Я перевела взгляд со своего кулака, сочащегося тоненькими кровавыми струйками, на Золика. Ворон терял опору и жизнь, а на лице его вместо глаза зияла дыра. Меня накрывало толстым ватным одеялом, лишающим возможности слышать, и уже совершенно равнодушно я смотрела, как огромный меч рассекает плоть и сносит с худых старческих плеч косматую голову. Два тела рухнули наземь одновременно – Золика и Яги. Колени подогнулись, и я, ощущая почти благодарность собственному телу за избавление от мук, потеряла сознание.
Очень хотелось пить, очень. Лошадь подо мною и всадник за спиной, видимо, не слишком торопились, ехали медленно. С трудом разлепила ресницы.
Над бескрайней серой равниной низко нависало свинцовое небо с редкими белыми прожилками перистых облаков. Плотная тишина, которую можно было пощупать, пробивалась стуком копыт по каменистой почве. Дороги не было. Конь просто шел вперед, раздвигая широкой грудью высокую, почти ему до морды, безжизненную траву.
– Куда мы едем? – преодолевая невыносимую сухость во рту спросила я.
Ответа не последовало.
Но это не раздражало и не огорчало. Прохладное умиротворение капля за каплей проникало в вены. Кто там умер? Кого изрубили? Кому вырвали глаз? Не всё ли равно? Мне хорошо и покойно на груди у мужчины, который не хочет разговаривать. Попыталась разжать кулак, но пальцы слиплись. Раскрыла ладонь с трудом – человеческий глаз с черной радужкой смотрел куда-то в сторону. Надо же. Это Золика. Вороний глаз. Для ведьминой воды. Вода.
– Пить? – спросила, но снова не получила ответа. Тот, кто сидел сзади, дунул мне в темечко, пальцы сомкнулись над подарением Яги, глаза сами собой закрылись, и я сладко, с облегчением заснула.
Проснулась от холода. Графитового цвета стены без малейшего декора были строги и величественны. Большое – в полстены, зеркало, стиснуто массивной кованой рамой, свитой из чугунных веток, птиц, змей и большеротых рыб. Стол, пара размахнувшихся подлокотниками в стороны стульев. Вместительный, в готическом стиле шкаф. И лежу я на широкой кровати с высоким деревянным изголовьем. Чудеса!
Ничего не болело, не мучило, прошла жажда и нервный зуд, от которого хотелось расцарапать кожу. Но засохшие грязь и кровь остались. Боже мой, сколько смертей я видела? Было ли всё это правдой?

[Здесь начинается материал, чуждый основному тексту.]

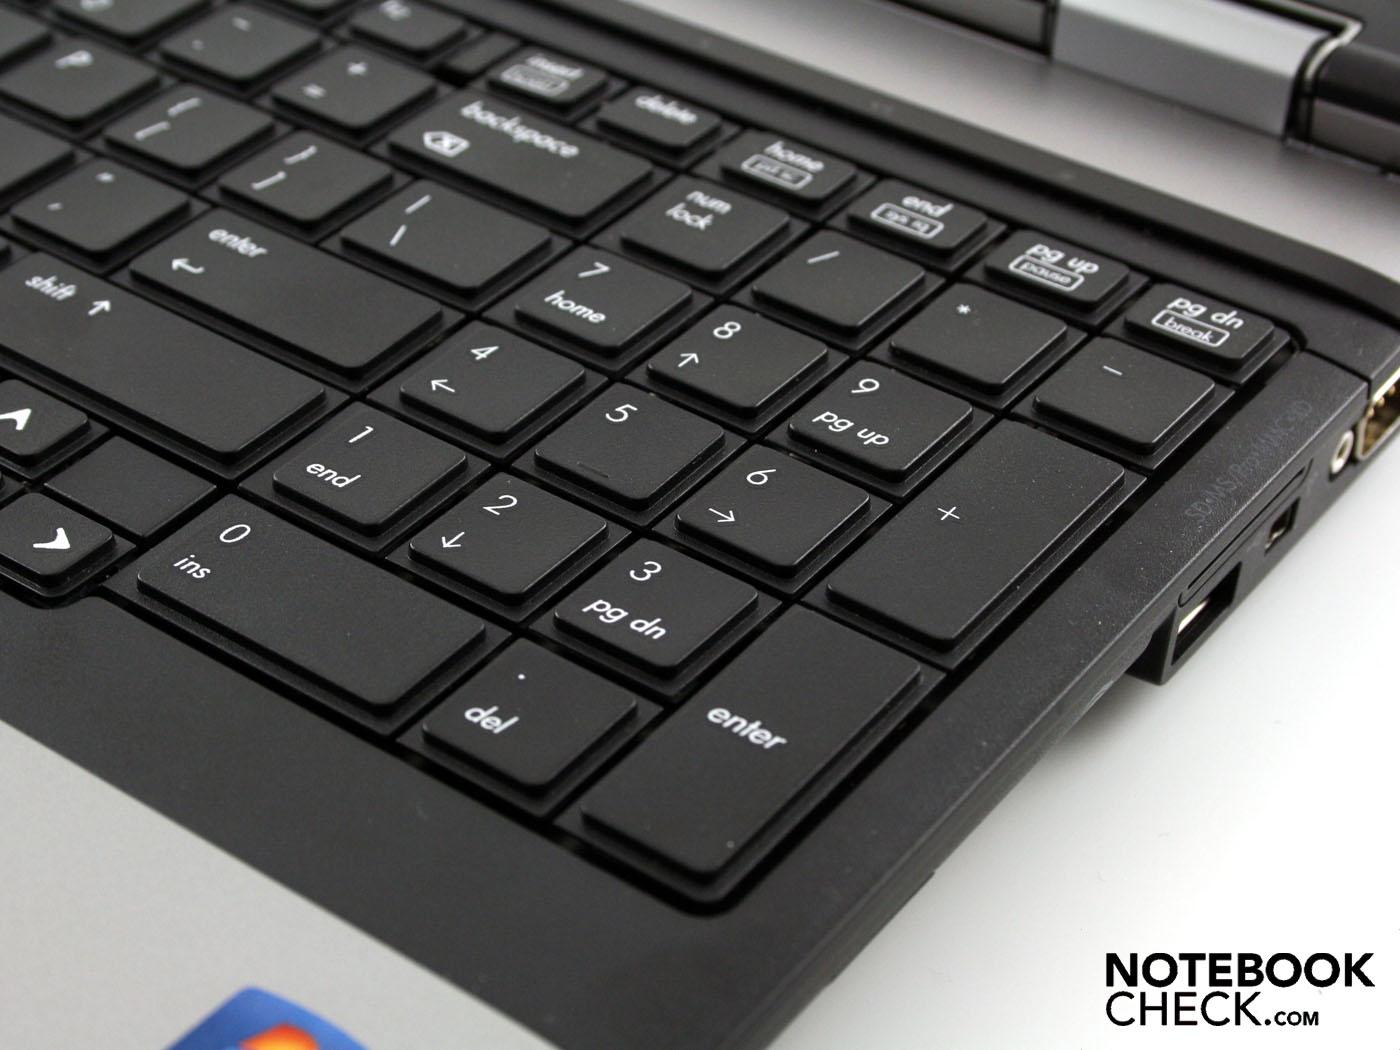 Notebook samsung com teclado numerico - Ziffernblock
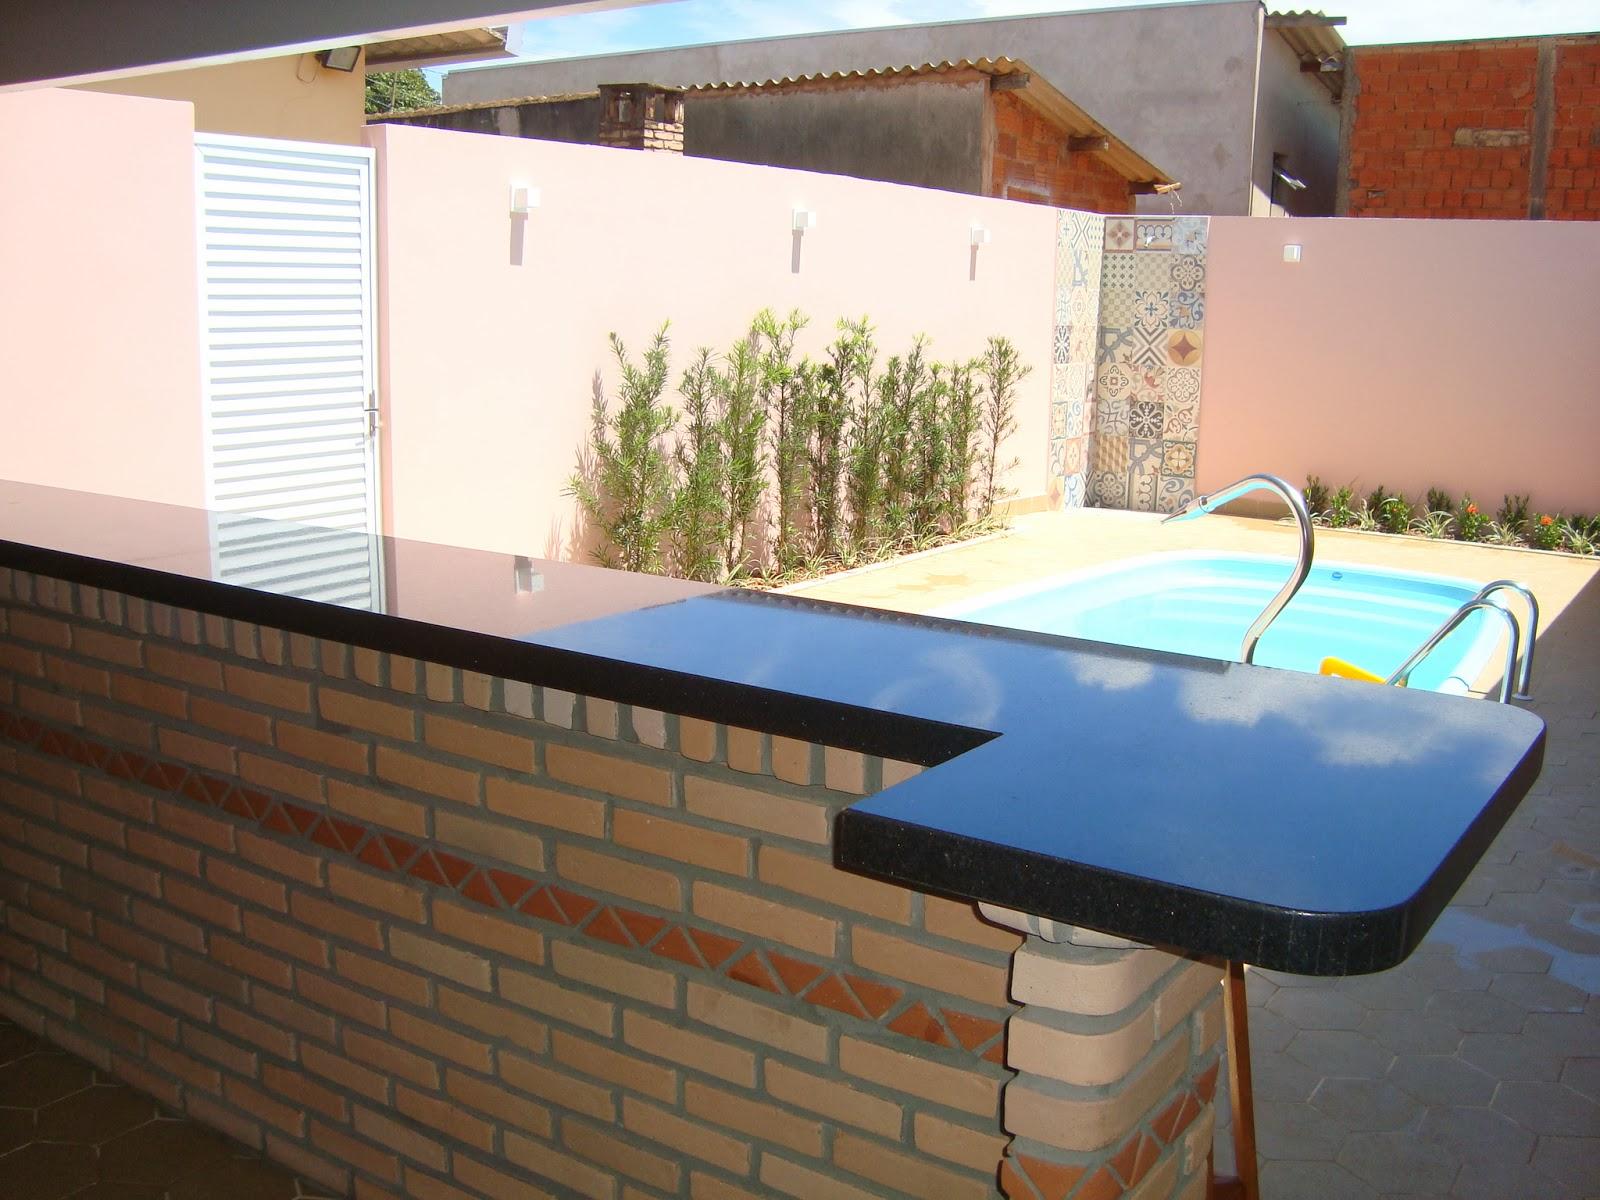 Imagens de #8F633C Essa é a vista de dentro do balcão da churrasqueira! 1600x1200 px 3372 Bloco Cad Pia Banheiro Vista

Встала и подошла к зеркалу, пора было взглянуть правде в лицо. Жуткая картина. Я уткнулась в ладони: такой грязной видеть себя никогда ее доводилось.
– Ступай, смой с себя горести.
Обернулась на голос и встретилась с пронзительным взглядом черных, чернее моих, глаз. Кощей. Холоден, статен, отстранен. В подземелье он был куда коммуникабельнее.
– Зачем сюда привез? Ты отпустишь меня домой? Выполнишь желание?
Не ответил! Только жестом показал направление, и я повиновалась. Баня – это кстати.
Натопленное огромное помещение мало напоминало Марьину баньку. Стены были выложены серо-голубой мозаикой, в центре мерцал чистейшей водой овальный бассейн, в котором плавали огромные листья кувшинок, увенчанные желтыми цветочными головками. Почему они не вянут? Жарко же.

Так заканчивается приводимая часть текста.